While overall treatment differences among the three groups as a whole were negligible, the high inflammation group improved more on EPA than on placebo or DHA, and more on placebo than on DHA. The authors suggest that EPA supplementation may help relieve symptoms of depression in people whose depression is associated with high inflammation levels, a link common among obese people with depression.
Editor’s Note: These data add to a study by Rudolph Uher et al. in which people with high levels of C-reactive protein responded better to the tricyclic antidepressant nortriptylene, while those with low levels of the inflammatory marker responded better to the selective serotonin reuptake inhibitor antidepressant escitalopram.
Events like surgery or heart attacks that cause inflammation can lead to cognitive deficits or depression for months or years afterward, even though the direct effects of inflammation wear off within weeks. In a recent study, Natalie Tronson and colleagues subjected mice to surgical heart attack, sham surgery, or no operation, and observed how well they absorbed new learning eight weeks later.
Both male and female mice had impairments in fear learning following surgical heart attacks.
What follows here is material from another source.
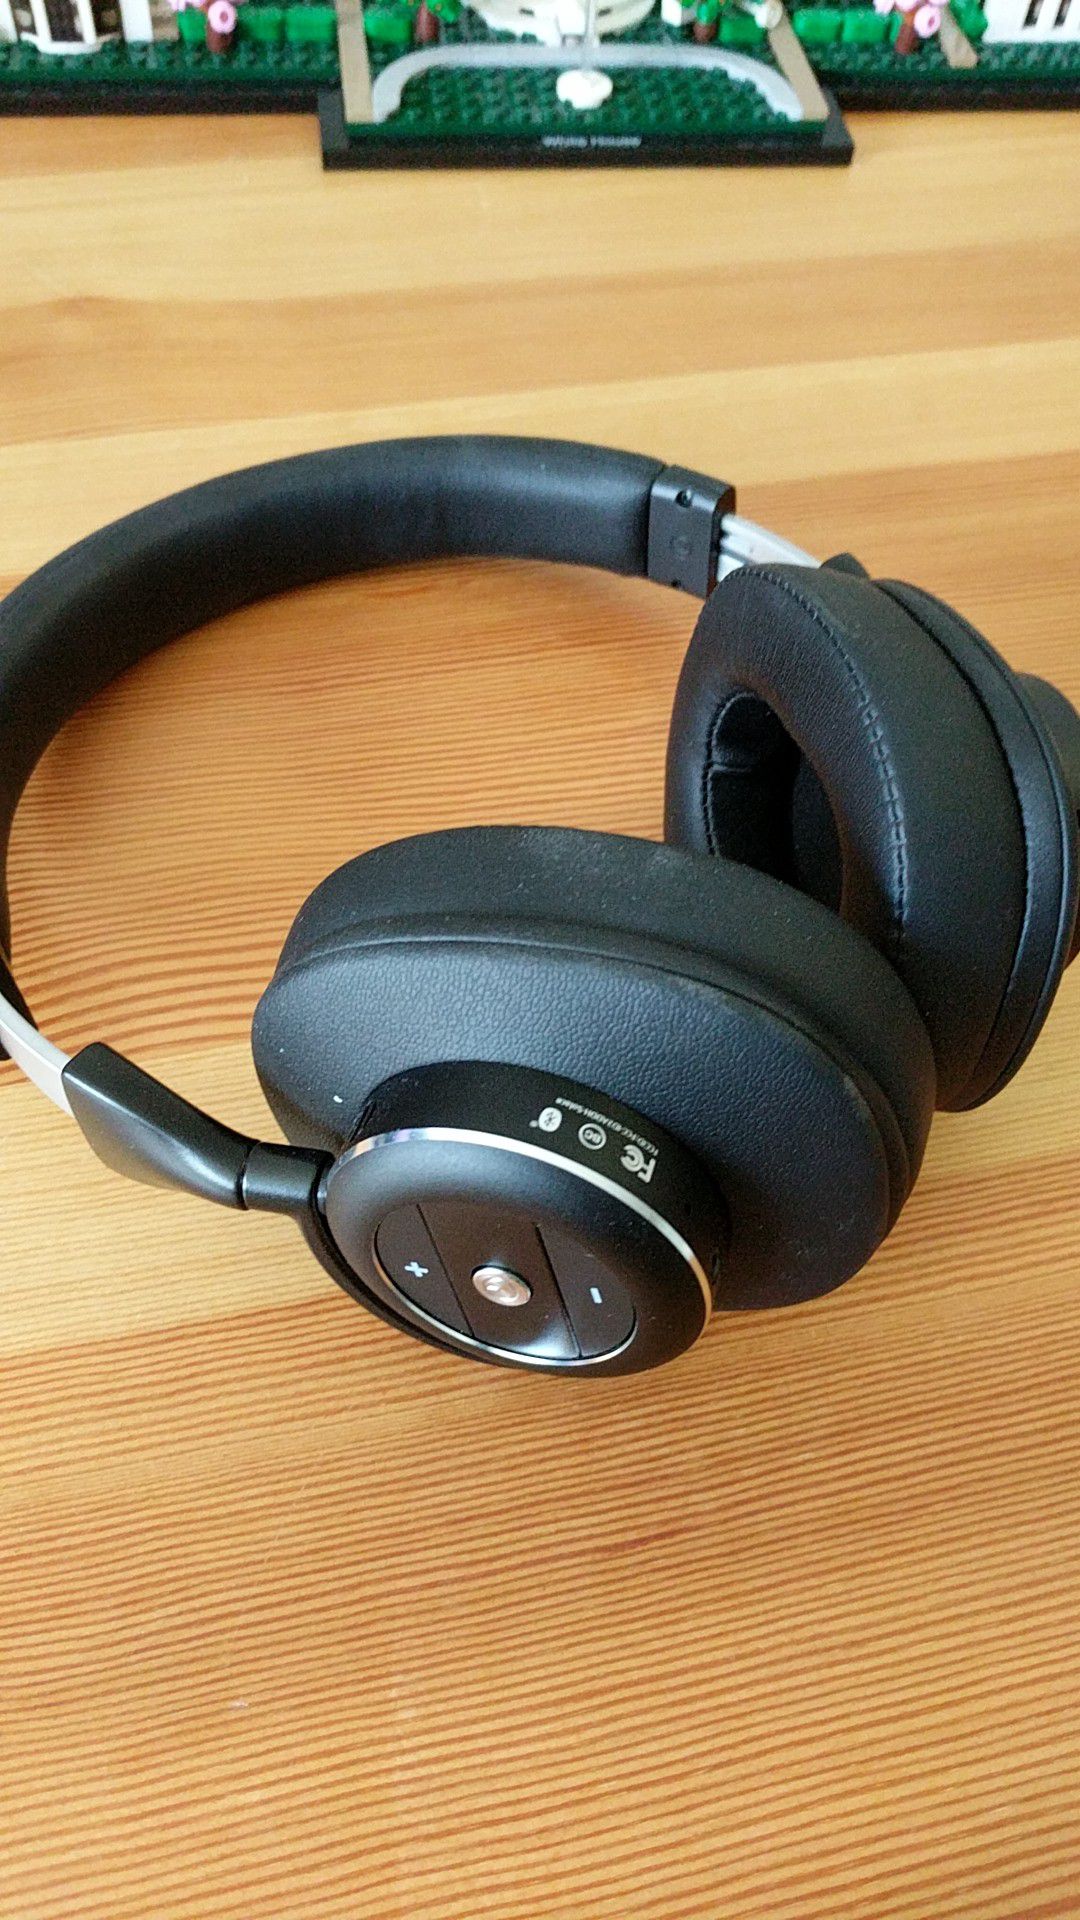 Monoprice bluetooth noise cancel headphone

Female mice that received sham surgery also showed deficits in fear learning. When the researchers dissected the mice, analyzing their blood and hippocampi after the eight-week period, inflammatory cytokine measures had normalized as expected, but the researchers found other abnormalities.
Intracellular signaling was dysregulated, and there had been epigenetic changes in cells of the hippocampus. (Epigenetic changes refer to those that change the structure of DNA, such as how tightly it is wound, rather than its sequence. For example, the addition of acetyl groups to DNA or the histones around which it is wound.) The researchers observed increased histone acetylation and phospho-acetylation following the heart attacks.
The researchers concluded that a systemic inflammatory event, such as heart attack or surgery, can cause long-term memory impairment and changes in mood through epigenetic mechanisms. They compared the findings to those of other studies in which normal aging and memory-impairing treatments such as chemotherapy had also been associated with increases in histone acetylation or decreases in histone deacetylase activity.
Stressors in early life can contribute to the risk of developing mood disorders. Given that many treatments for mood disorders work by blocking the serotonin 5-HT transporter, Nicole Baganz and colleagues designed a study to see whether an early life stressor, in this case maternal separation, would affect immune processes that in turn affect serotonin signaling.
In this study as in many before it, mice that were removed from their mothers exhibited behaviors that resembled human anxiety and depression. They were also found to have elevated messenger RNA for several inflammatory cytokines (including IL-1beta and IL-6) in their brain and blood. Mice that had a gene for the interleukin-1 receptor (IL-1R) removed exhibited neither the depressive behavioral effects nor the changes in cytokine levels following maternal separation, showing that the IL-1R gene plays a necessary role in the signaling process that leads to this type of depression. Levels of the stress hormone corticosterone in the blood did not differ in the mice with and without the IL-1R gene.
The researchers concluded that early life stressors can cause lifelong changes in inflammatory cytokine levels in mice.